Der Weizen, den die Landwirte ernten, ist eine Frucht und wächst in der Fruchthülle. Diese Schicht um den Samen kontrolliert die Hydratation und Ernährung des darin wachsenden Gewebes. Jamie Herrera und Daniel Calderni haben festgestellt, dass es nicht viele Untersuchungen gibt, die untersuchen, wie sich das Perikarp auf das Endkorngewicht auswirkt. Das haben sie gefunden Das maximale Perikarpgewicht ist eine Determinante für Korngewicht und -größe bei Weizen. Dies könnte ein wichtiges Merkmal sein, das es zu verbessern gilt, wenn in weiteren Jahren eine Steigerung des Weizenertrags angestrebt wird.

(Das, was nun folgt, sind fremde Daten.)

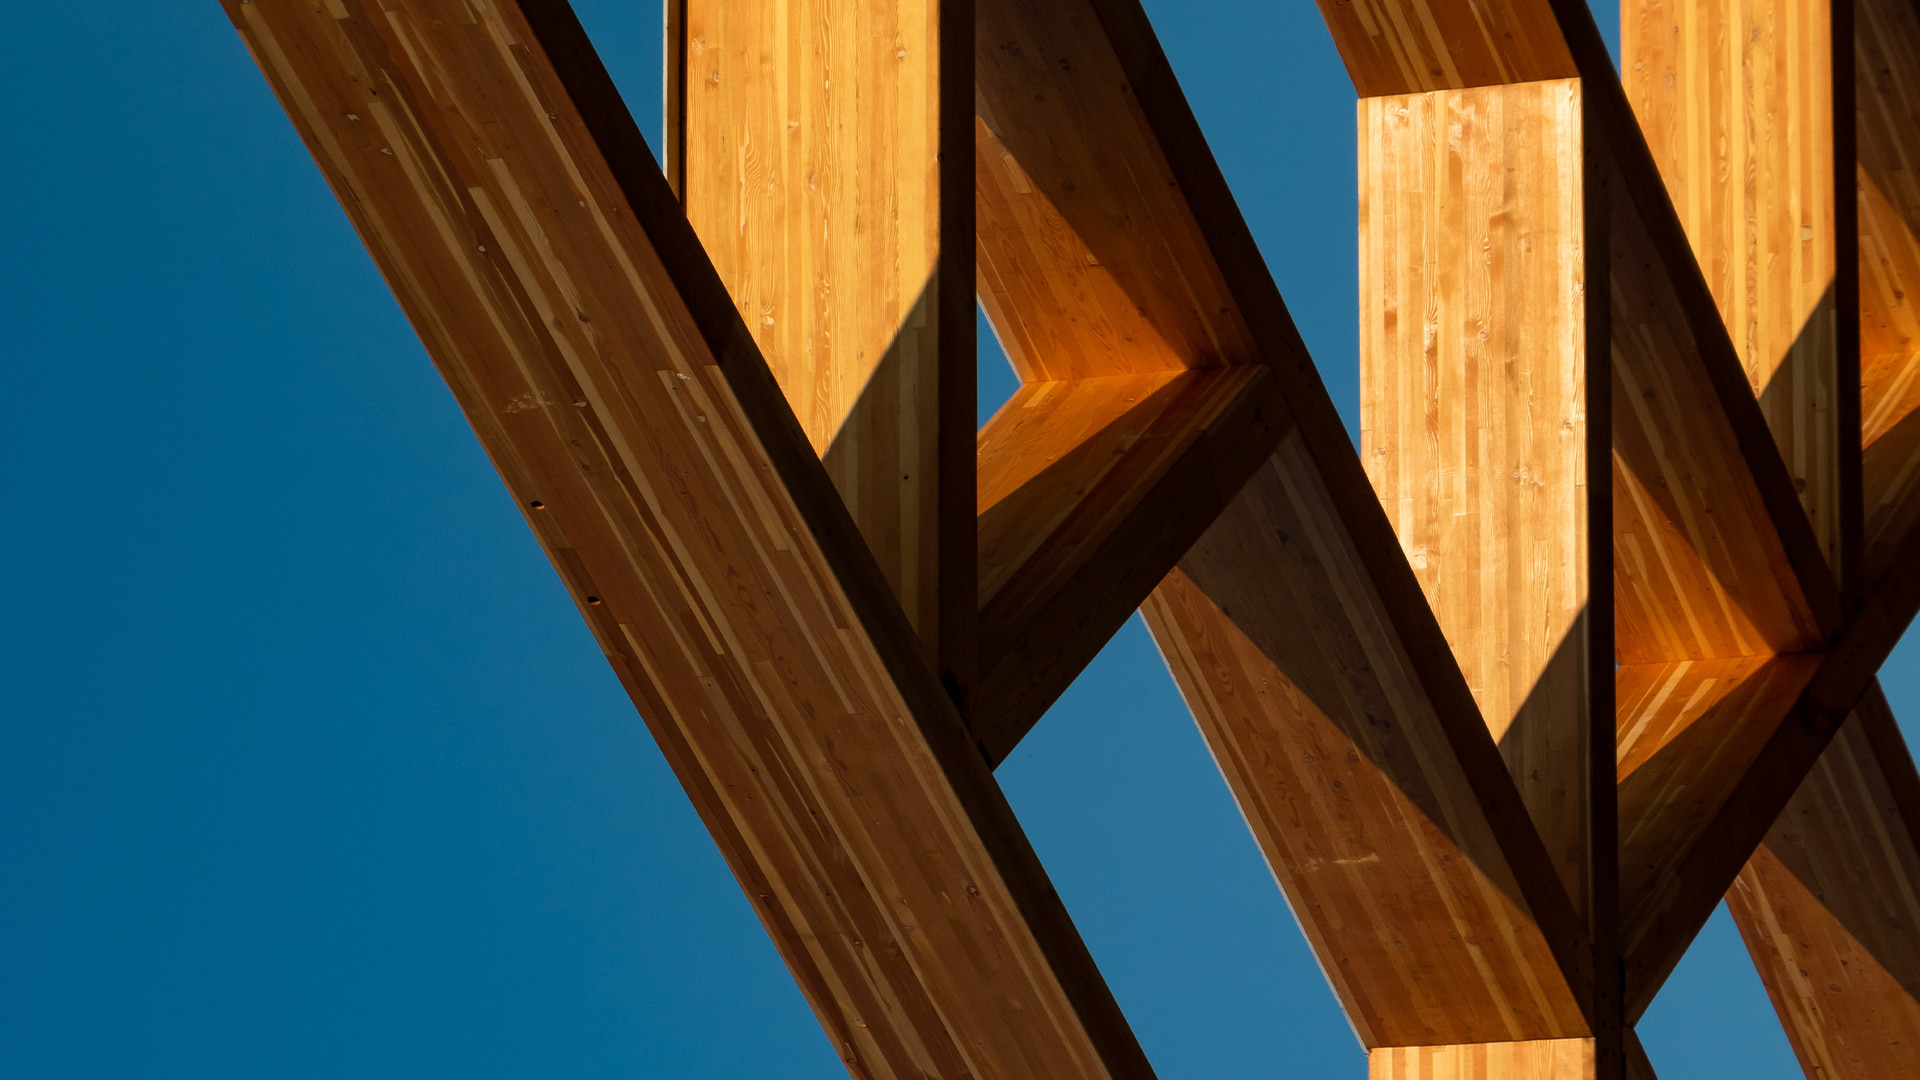 Rustic wood beams create a geometric pattern.
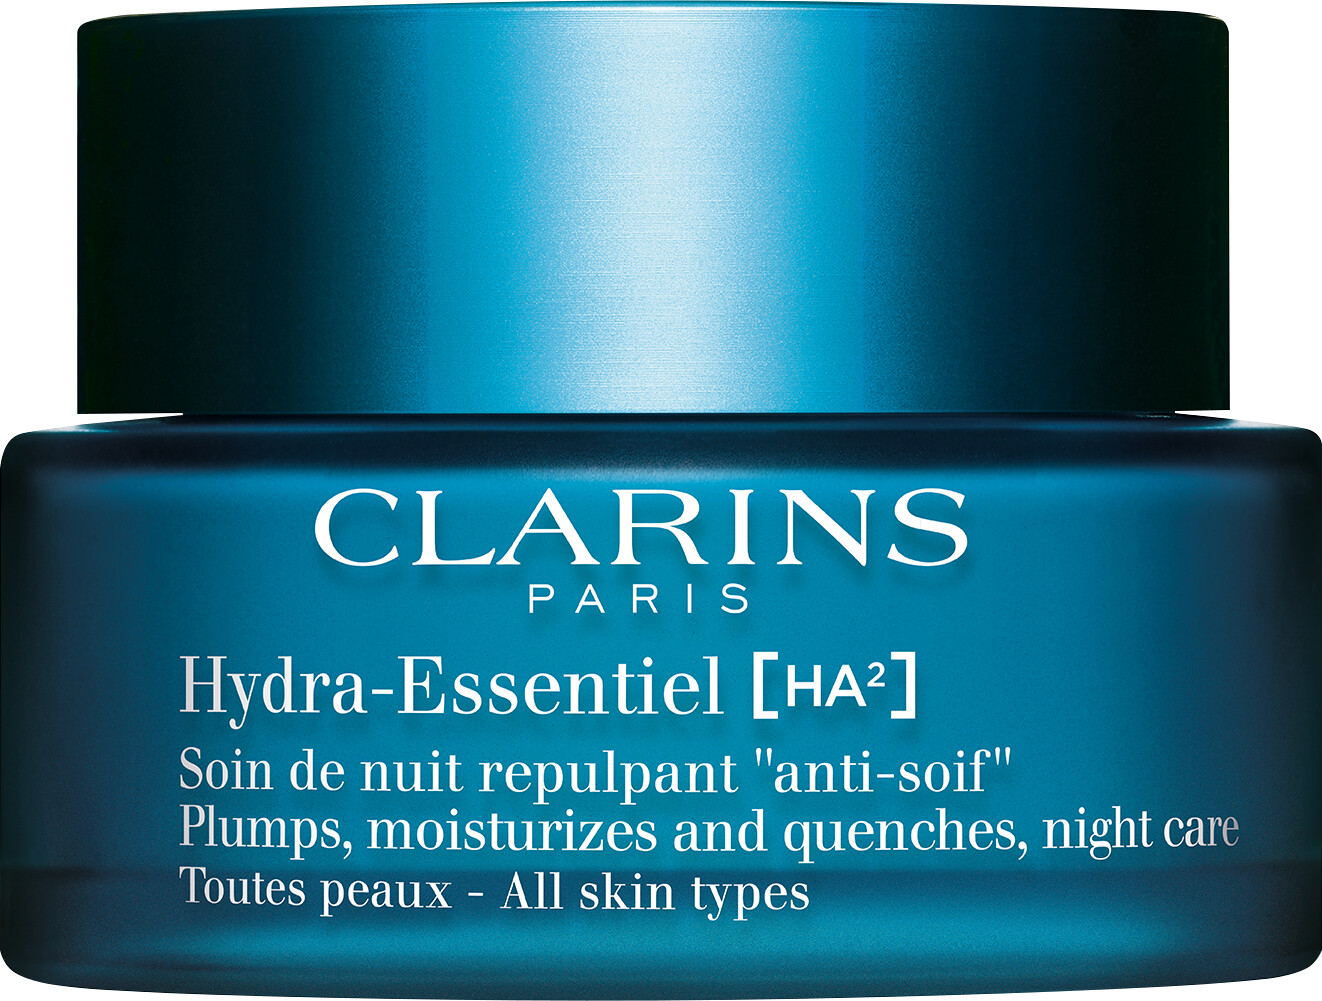 Clarins Hydra-Essentiel [HA2] Night Cream - All Skin Types 50ml

Weizengarben auf einem Tisch
Bild: canva.

„[Korngewicht] wird von verschiedenen Management- und Umweltfaktoren beeinflusst, darunter Pflanzendichte und Temperatur. Beispielsweise beeinflusst die Verfügbarkeit von Ressourcen pro Pflanze positiv den Kornertrag, Ertragskomponenten wie Kornzahl pro Ähre und Tausendkorngewicht (Walley et al., 2000)“, schreiben Herrera und Calderni in ihrem Artikel.

„Im Gegenteil, die Temperatur ist ein wichtiger Umweltfaktor, der sowohl die Entwicklung als auch das Wachstum von Getreidepflanzen beeinflusst (Porter und Gawith, 1999), wo sich erhöhte Temperaturen sowohl vor als auch nach der Blüte negativ auf die endgültige GW von Weizen und damit auf den Kornertrag auswirken (Calderini et al., 1999; Garcia et al., 2015). Höhere Nachttemperaturen (Peng et al., 2004) sowie häufigere Hitzewellen sind als Folge des Klimawandels zu erwarten (Mc Kersie, 2015; Alexander, 2016; FAO, 2016). Daher sind höhere Nachttemperaturen ein Schlüssel, um die Reaktion des mütterlichen Gewebes auf zukünftige Klimabedingungen von Weizenanbausystemen zu bewerten. Derzeit ist jedoch wenig darüber bekannt, wie und in welchem ​​Ausmaß Temperaturerhöhungen das mütterliche Gewebe von Weizenkörnern während der Körnerfüllung und ihre Beziehung zum endgültigen Korngewicht beeinflussen könnten.“

Um den Zusammenhang zwischen Perikarp und Korngewicht zu untersuchen, verglichen Herrera und Calderni zwei Sommerweizensorten mit unterschiedlichen Kerngewichten. Sie verwendeten sowohl unterschiedliche Pflanzendichten als auch Nachttemperaturen, um zu sehen, wie sich dies auf die Fruchthüllenentwicklung auswirkte. Nach Anthese alle drei bis vier tage ernteten die Wissenschaftler Körner. Sie benutzten ein Skalpell, um die Fruchthülle vom Korn zu entfernen, und wogen sie mit einer Präzisionswaage, um zu sehen, wie sie sich entwickelt.

„Interessanterweise wurde ein positiver Zusammenhang zwischen dem endgültigen Korngewicht und sowohl der maximalen Trockenmasse als auch dem Wassergehalt der Fruchthülle gefunden, was die Bedeutung des mütterlichen Gewebes für die Bestimmung des Korngewichts von Weizen unterstreicht. Darüber hinaus werden die maximale Trockenmasse und der maximale Wassergehalt der Perikarpware erreicht, bevor Schlüsselmerkmale als Determinanten des endgültigen Korngewichts bei Weizen angesehen werden, wie die maximale Kornlänge und der maximale Kornwassergehalt“, schreiben Herrera und Calderni.

Die Studie soll Pflanzenzüchtern helfen, mehr über die Saatgutentwicklung zu erfahren, die über die in der Vergangenheit untersuchten Merkmale hinausgeht. Die Ergebnisse können auch dabei helfen, Kompromisse zwischen Korngewicht und Kornzahl auszugleichen.